What should happen in this (nand2tetris) CPU implementation, if the instruction is a c-instruction?

Question

Seeing this CPU implementation, I am utterly confused (and it is not just because the control bits aren't connected with anything; it is my task to connect those).

The first thing that confuses me is that if the upcoming instruction is a c-instruction, what is then going to happen? Let's say the Mux16 is going to let the c-instruction through ... the instruction is then passed through the A register ... why would you want that?!

If my understanding is correct, that would, depending on the control bit, either do nothing (the control bit (load) is false), or the A register will now store the instruction no matter what the instruction specifies ...

Am I missing something here?! What is going on? Why is that functionality desired?

(The source of the CPU implementation is: link go to time 3:30)

Answer 1

The individual c markings in this diagram do not refer to the "cccccc" bit field in the instruction. They are single bit control lines (the nomenclature could be a little clearer; the C's that go into the ALU are actually the cccccc bits!)

As such, the incoming instruction doesn't just go to that first Mux, it goes all over the place.

Convention: rightmost bit is 0, leftmost bit is 15. So the jjj bits are bit 0, 1, 2, ddd are 3-5, cccccc are 6-11, a is 12, etc.

Consider the leftmost Mux16. It has two inputs, the ALU output and the instruction itself. The control bit it needs it the bit that determines if the instruction is a direct load (ie: the lower 15 bits of the instruction are the data to be loaded into the A register) or not.

This is bit 15. If it is 0, then it's a A instruction, if it's a 1, then it's a C instruction.

What I did in my implementation is define a control line called aInstr like this:

Not(in=instruction[15],out=aInstr);

And then use a Mux16 to generate the proper input for the A register:

Mux16(a=ALUout,b[15]=false,b[0..14]=instruction[0..14],sel=aInstr,out=AREGin);

So if aInstr is false, the Mux16 passes through the output of the ALU, and if it is true, it passes through the instruction with the leftmost bit cleared.

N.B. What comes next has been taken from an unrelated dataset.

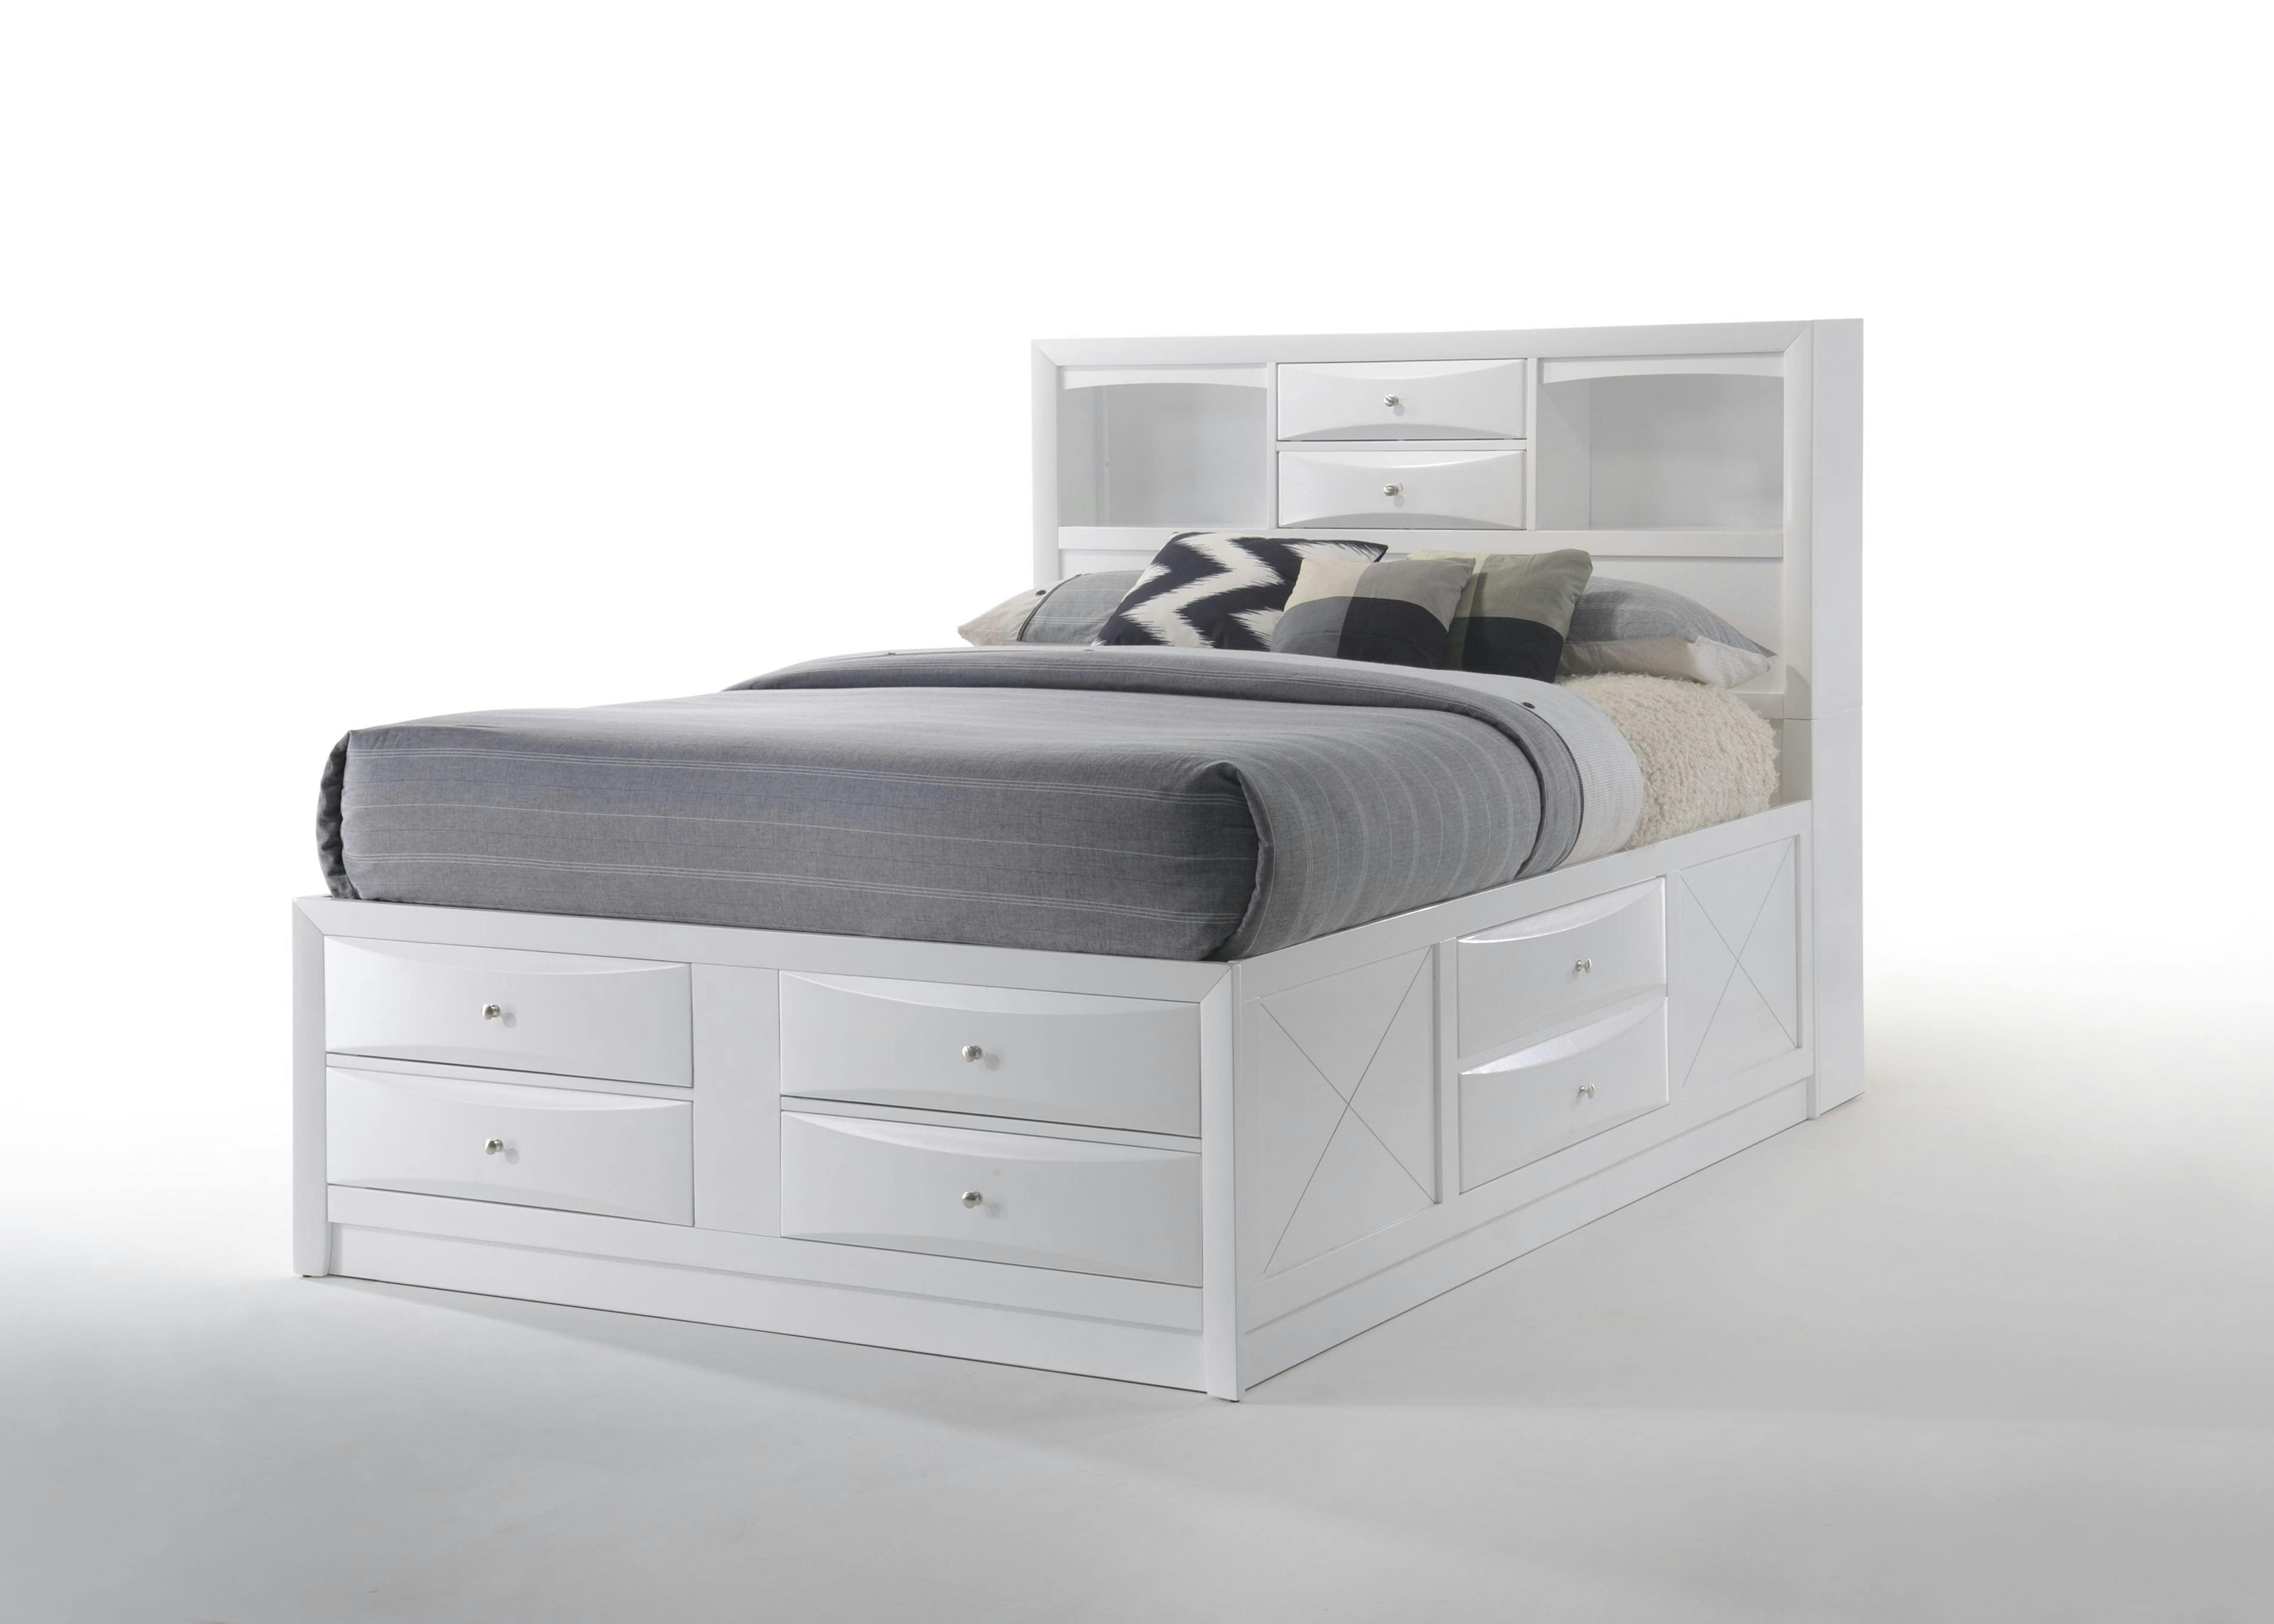 Elegant Full-Size White Wood Frame Storage Bed with Bookcase Headboard

And that is what is fed into the A register at the end of the instruction cycle.

You have to do similar things for all the other components.

Note the use of bit fields to generate a 16 bit input with a 0 high bit and 15 bits from the instruction (the "b" input to the Mux). This is a feature of HDL that comes in very handy; you can also use it to split up the output into sub-buses, and they can overlap!

The task of creating the CPU is basically figuring out what the inputs and outputs of each of the functional units are, and what instruction / cpu bits control them. The tricky bits are figuring out what the various outputs should be in special situations (like reset and what do you do with the ALU output when you're not performing an ALU operation)

Don't give up! You'll get a good feeling when it all falls into place!

Answer 2

I just completed the CPU task this afternoon so I have a few thoughts. Nand2Tetris is a great course but it gross over a lot of details and feed you the result without much explanation.

A few notes:

• 1. ALU always runs and outputs, regardless of whether you want it or not
• 2. CPU (ALU) only directly manipulates the data in three registers
• 3. ALU has two inputs of 16-bit numbers

Point 2 answers your question of "Why instruction needs to go through A register". Basically the ALU has to take the instruction from somewhere, and it can only interact with the registers, so it's either A or D register. Now the next question is, why not from D, but from A? Because if you look at the ALU control bit table (the one with c1 ~ c6), you will see that you can either have A on the left side, or M on the right side, while D appears on both sides. This pretty much means that we need a MUX for A register and M register.